Setting goals and consistent strategies for IoT projects will enable companies to integrate data into the core IoT architecture. A data integration strategy helps to formulate consistent steps, such as the development of communication requirements, that is, the communication mode required between different devices and components of an IoT network. It also helps to determine the need for edge computing in different parts of the IoT environment. This ensures that the central data warehouse will not be overwhelmed by unnecessary data that has little or no strategic utility.
▲Using API for IoT communication
The Internet of Things network is mainly composed of smart devices that need to communicate with each other. Using an application programming interface (API) is the simplest but most effective solution for device-to-device communication and the integration of the entire network and data. When data is transmitted from the edge to the data center, the use of application programming interfaces and other widely compatible middleware can help identify any differences in data quality. Enterprises should use API as the main tool for IoT data integration.
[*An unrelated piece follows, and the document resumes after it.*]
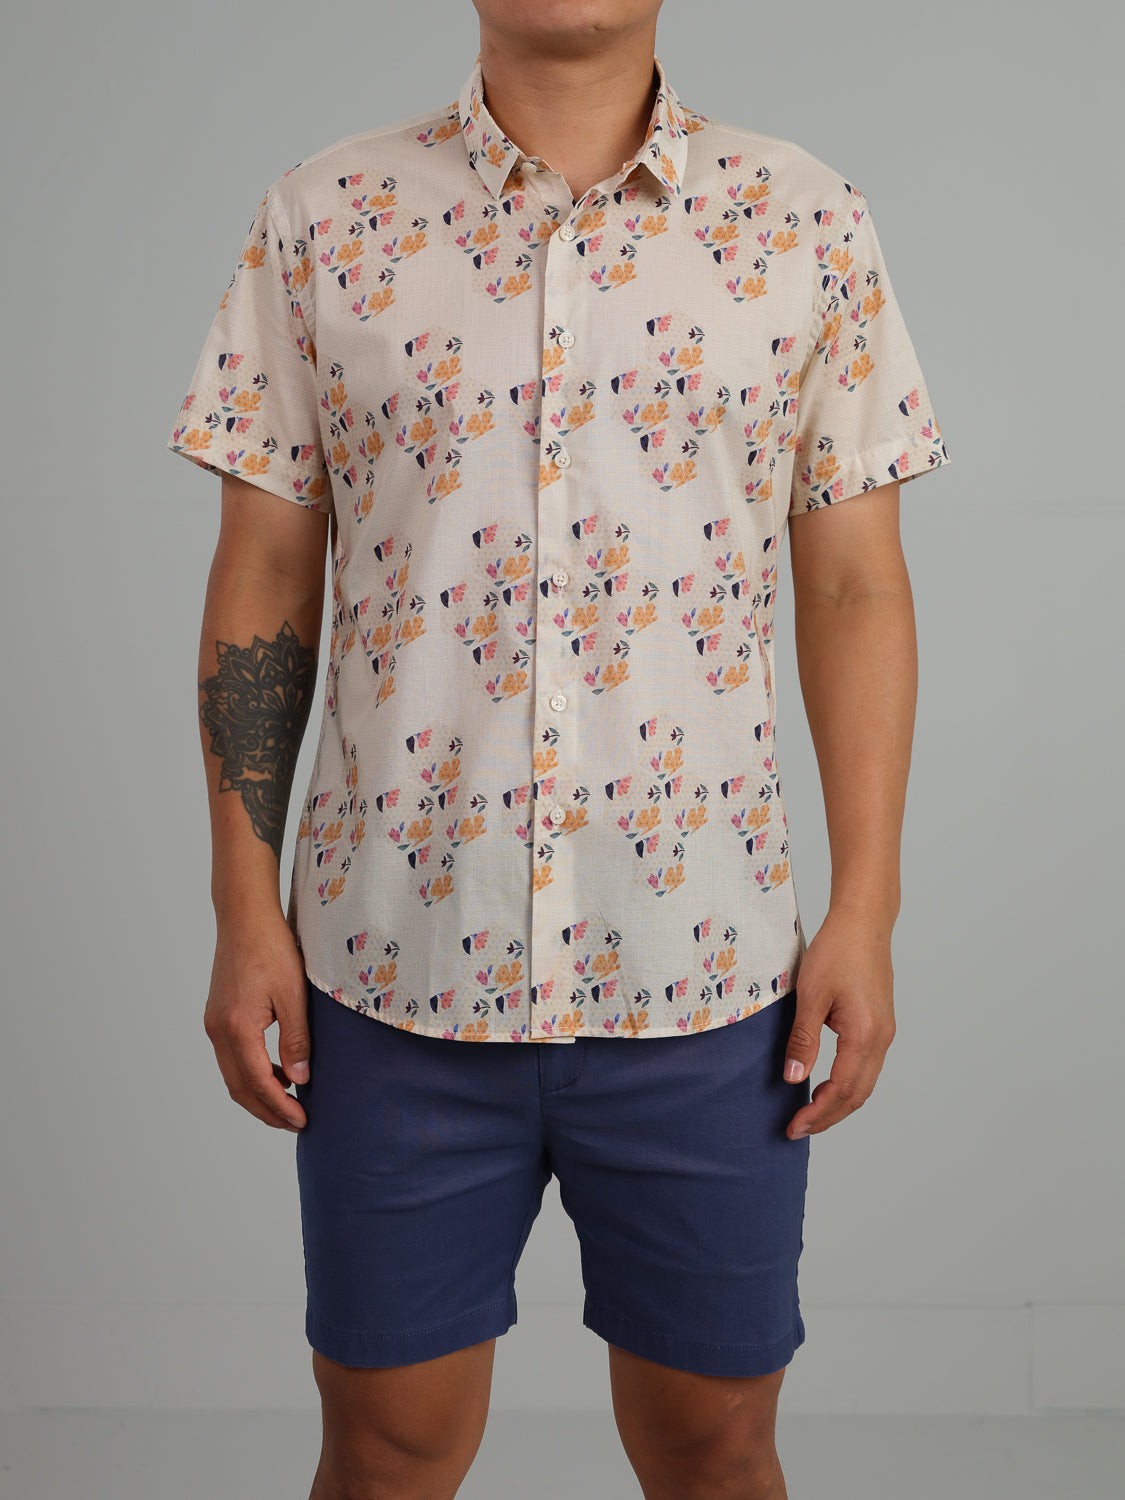 Osaka - Short sleeve 100% printed cotton shirt

▲Using an integrated platform
Enterprises can use the cloud platform to unify the operation of the entire network on one platform. There are many platform as a service (PaaS) vendors that provide solutions for large-scale IoT implementations. Companies can also benefit from the emerging service segment of the integration platform, a service that specializes in large-scale integration. Companies seeking to use IoT data should not ignore the importance of data integration in the IoT.
This is because although the automation, visibility, and control provided by the Internet of Things technology can undoubtedly improve business operations in the short term, real gaining a competitive advantage means using the data sets generated by the Internet of Things to create real influence.